This first round will be for stating arguments and other generalised actions. No elaborations on arguments past summarising sentences or rebuttals.
"Should conscription be introduced into Australia"
The definitions of the terms is as follows:
Conscription - Compulsory enlistment for state service, typically into the military. [1]

I am not arguing that we should start conscripting now, however that a law should be passed legalising it, and therefore becoming effective whenever the government decides. i.e, If the government believes the nation is under threat or Australia comes under direct attack, not if we attack another nation.

The outline for my arguments:
1. Isolation. The fact that Australia is so isolated it would take too long for allied forces such as the US or the Commonwealth to arrive before a potential invasion.

2. AESAN Alliance. An alliance between the South-East Asian countries. For the purposes of this debate I will be referring to the AESAN Alliance as an alliance between Singapore, Vietnam, China, Thailand, Malaysia, and Indonesia.

3. Differences in manpower. The sheer differences in manpower between our alliances and the AESAN alliance.

I wish the best of luck to the Negative side of the argument, may the best arguments win.

Sources.
[1] http://www.google.com.au...
(Definition shown at top of page)

My spelling is Australian english.
(I apologise for lack of structure, this is my first debate)
socialpinko

Con

I would like to first thank my opponent for allowing me to debate the topic with him. The resolution when not put in the form of a question (major pet peeve of mine) can be stated as follows: Conscription should be introduced in Australia. My opponent as Pro will defend the resolution while I as Con will argue against it.


===Definitions===


I accept my opponent's definition of conscription, however I feel as though the term should in the resolution needs to be defined and so I will take the opportunity to do so here.
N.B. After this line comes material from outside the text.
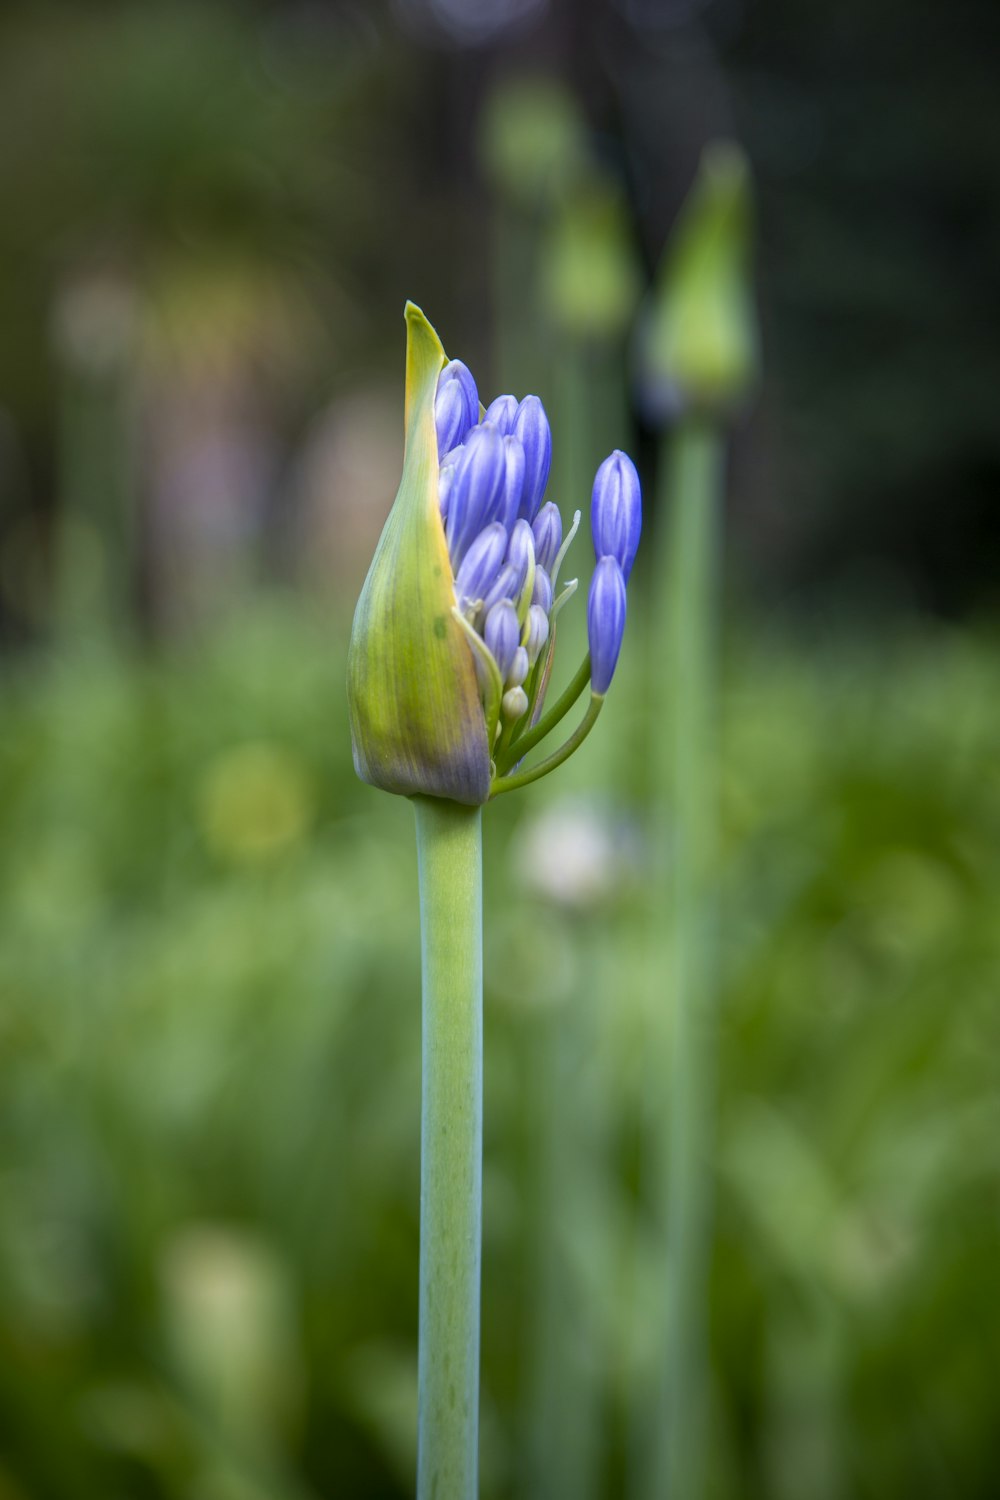 a close up of a blue flower with green stems

Should will mean "Used to express obligation or duty".[1]


===Arguments===


Contention I. Self ownership. Being forced to participate in the military is akin to slavery in that one is forced to perform labor or services which one would not do if one were given a choice. This violates the principle that people are the sole owners of their own bodies.


Contention II. Political and religious freedom. Conscription violates the political freedom of those who hold anti-war political sentiments i.e. pacifists or anarchists. In the same vein, conscription violates the religious principles of those who take their religion to also imply pacifism i.e. Jainists, Christian pacifists[2], Quakers, etc.


Contention III. Moral nihilism. Since there are no objective moral truths or facts, the term should in conjunction with expressing legitimate duty is rendered incoherent. Therefore it is a falsehood that anyone should do or not do anything.


As per my opponent's rules, I will not introduce either substantive arguments (these are mere summaries) or rebut the arguments my opponent has brought so far. I wish my opponent the best of luck in this debate and turn the debate back over to him.


===Sources===


[1] http://www.thefreedictionary.com...
[2] http://en.wikipedia.org...
Debate Round No. 1
og1764

Pro

I agree with Con's new definition of conscription, understanding mutually that it is in terms of the military.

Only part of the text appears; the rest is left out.